Figure 11. The qualitative behavior comparison of (a) squeezing S, (b) entanglement EN. |
The qualitative behavior comparison of entanglement in terms of temperature in the TMST state and QTMS radar are plotted in figures 12(a) and (b). The entanglement in the QTMS radar for particular conditions (figure 12(a) r = 0, φ = 0) is maintained at room temperature, but in other conditions (figure 12(b) r = 1, φ = 0) the entanglement in QTMS radar is suppressed for T > 0.3 K. It is clear that entanglement in the QTMS radar survives at room temperature when the squeezing parameter is low 0 < r < 0.7, i.e. when power of the generated signal and idler is low.

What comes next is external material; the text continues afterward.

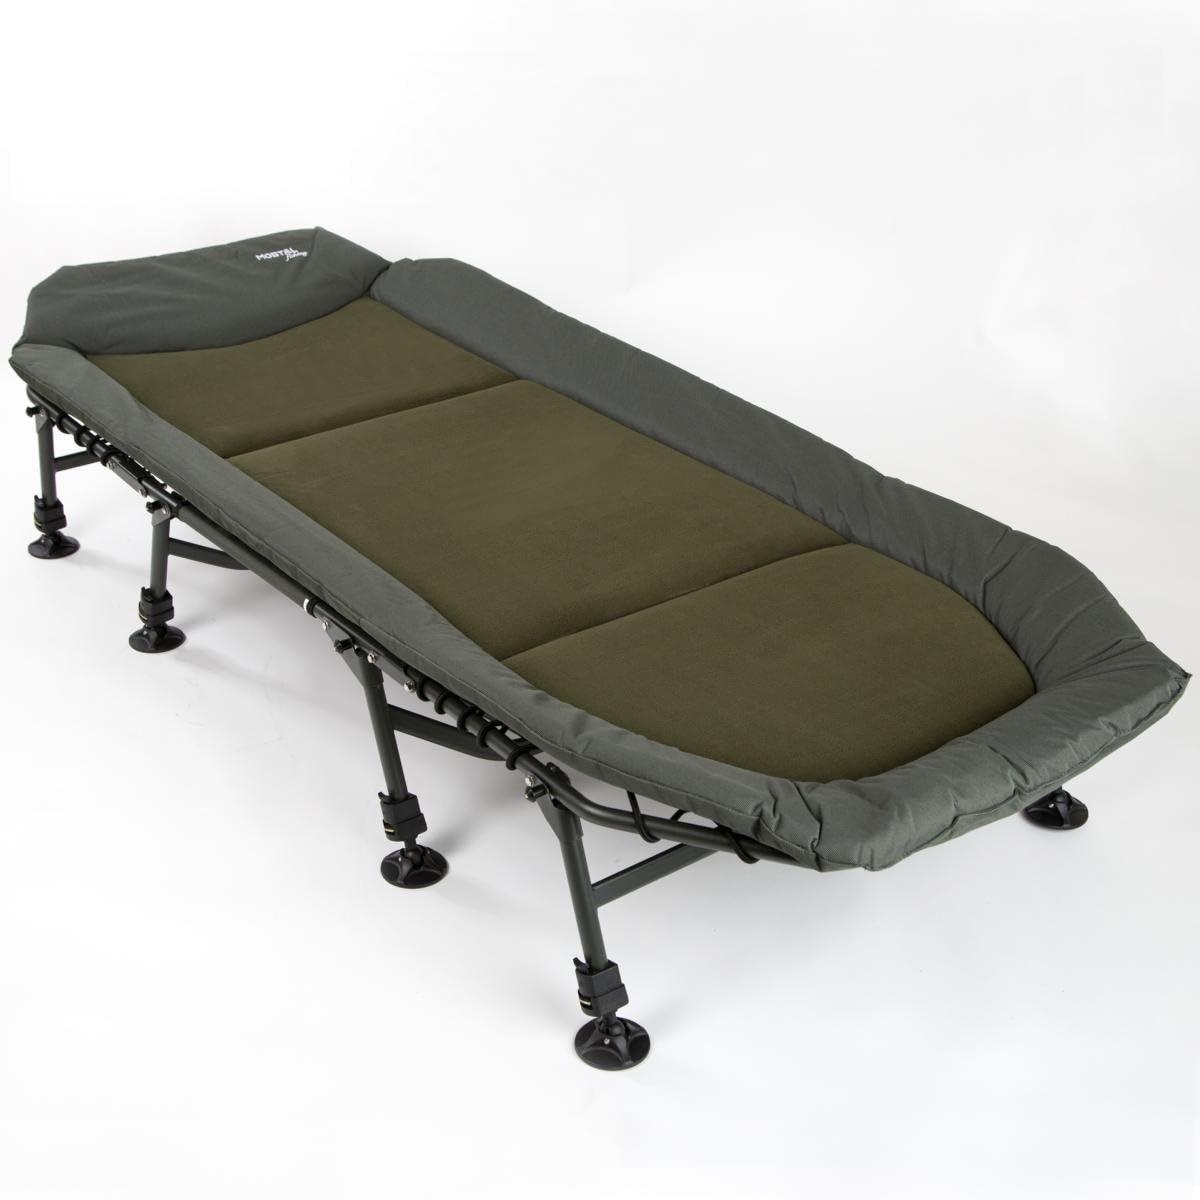 Mostal Alu King Size Bedchair 8-Bein Liege Deluxe Angelliege XXL

Figure 12. The qualitative behavior comparison of entanglement EN in terms of temperature T(K) between TMST and QTMS states (a) r = 0 , (b) r = 1. |
5. Conclusion
In this study, the qualitative behaviors of entanglement, squeezing, and entropy in QTMS radar with a JPA circuit that generates the QTMS state, and QI with an EOM circuit that generates the TMST state were investigated. For the first time, we calculated the entanglement, squeezing and entropy for the QTMS radar when the target is present and the signal is transmitted to the target. In addition, by controlling the squeezing parameter which is a tool to control entanglement, entropy, and squeezing, the performance of the QTMS radar can be improved, so this work showed how it is implemented in practice. The qualitative behaviors of entanglement and entropy are quite similar in the two cases. It means that the behavior of the effective number of ebits at the detectors input corresponds to the behavior of entanglement. In QTMS radars with the JPA source, we found that the entanglement does not disappear. We can also see that the entanglement is maintained in this type of radar by changing the temperature and reducing the squeezing parameter. The remarkable thing about QTMS radar is that when the correlation and power of the generated signal and idler are low, the entanglement is maximum. And, at high temperature T > 400 mK, the entanglement survives when the squeezing parameter is low. It means that the QTMS radars are interested in the low-power regime. In the QI with an EOM source, we have shown that the entanglement is maintained by increasing the squeezing parameter, which means that, in this protocol, we need the high correlated signal and idler to survive entanglement. The significant result obtained from the qualitative behavior of the QI was that at high power of the signal and idler generation, low temperature and high correlation, the entanglement increases. On the other hand, the qualitative behavior of the squeezing increases in the QTMS radar, when increasing the temperature and squeezing parameter. But, under the same condition, the qualitative behavior of the squeezing in the TMST state decreases when increasing the temperature and the squeezing parameter. Finally, it should be noted that the squeezing parameter plays a very important role in the performance of quantum radar and quantum illumination, which must be taken into account both in theoretical studies and in the design of quantum radar and illumination.
Acknowledgments
The authors would like to thank J Teixeira for helping with the manuscript and valuable comments.
Author contributions
The authors SMH and MN contributed equally to this work.